2. Push → if APNS rejects (rare), fall to in-app banner on next launch.
3. In-app banner → always present even after the originating notification was delivered, so Quinn sees it on app open regardless.
The fallback is **never silent** — every fallback hop logs an `agent_actions` row and the high-stakes notification is queued for the next available channel.
## Edge cases
- **Multiple failures cascade** (Tryst + TS4Rent fail in the same minute): two specialist banners, each in their own drawer; fleet status strip shows two red dots. No global banner unless the cascade reaches Path C territory.

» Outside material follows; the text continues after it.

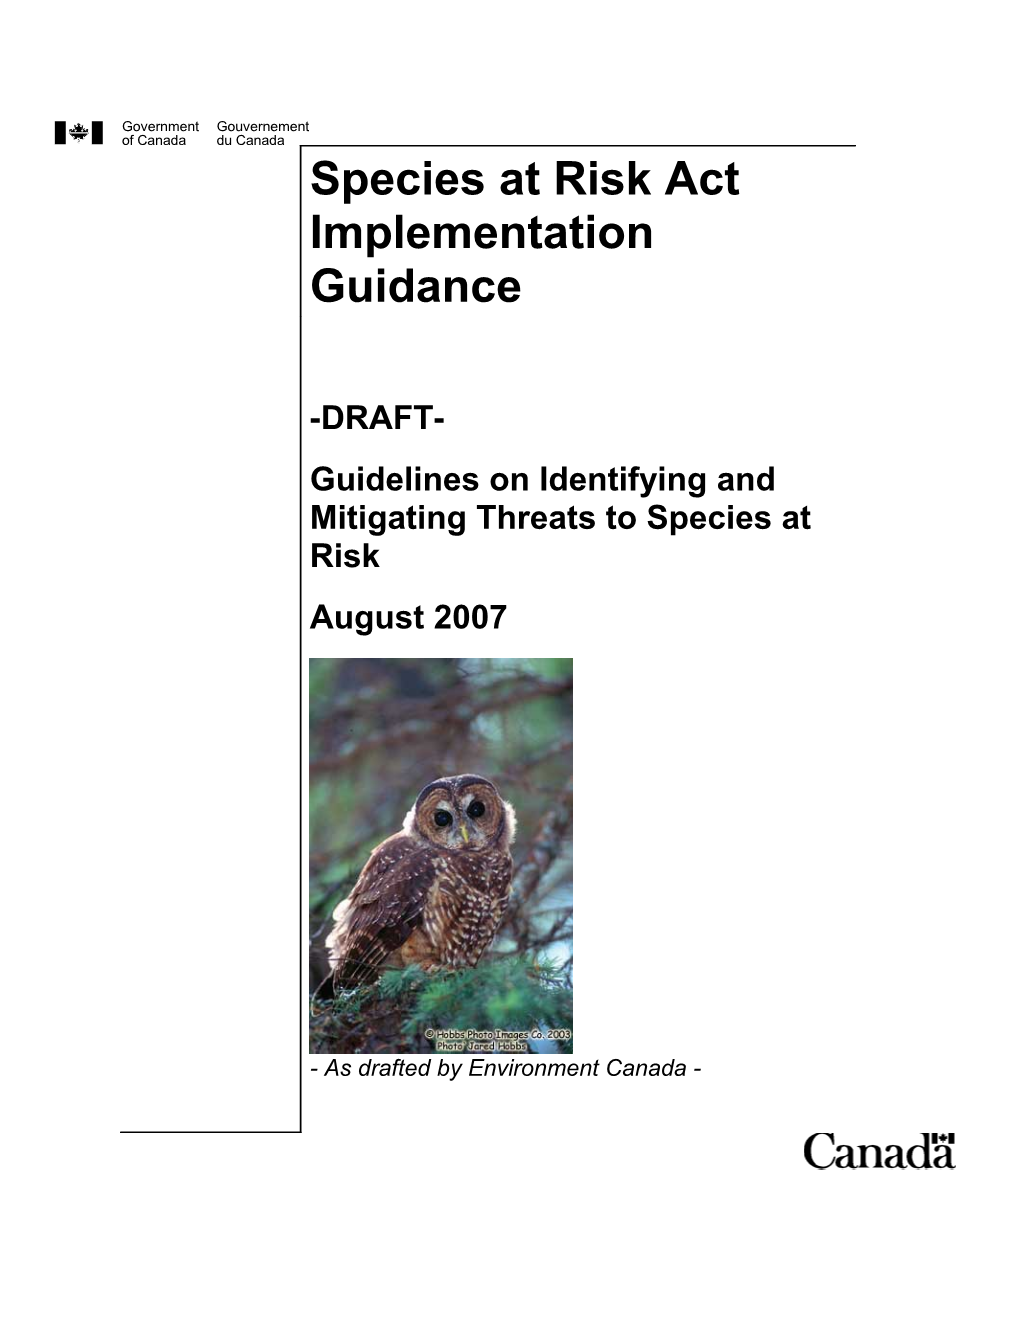 Technical Guidelines for Identifying Threats to the Survival and Recovery of Species at Risk

- **Failure during the failure** (re-auth flow itself errors): plain banner promotes to:
> Re-auth didn't go through. Hold off and try again, or open the audit log.
- **A high-stakes notification fires while in Path C**: ai-copilot drafts a chat message (works because read-only chat is fine) and the notification is queued for after recovery. Quinn sees the chat message; the notification fires on recovery so she gets both records.
## Related
- [brief M](./M-error-degraded-modes.brief.md) — full design.
- [`kill-switch.flow.md`](./kill-switch.flow.md) — Path E.
- [brief A](./A-chat-surface.brief.md) §offline-tolerant + State 9.
- [brief I](./I-audit-trust-replay.brief.md) — digest entries render the gap.
- [voice](./00-system-voice.md) §V2c plain register.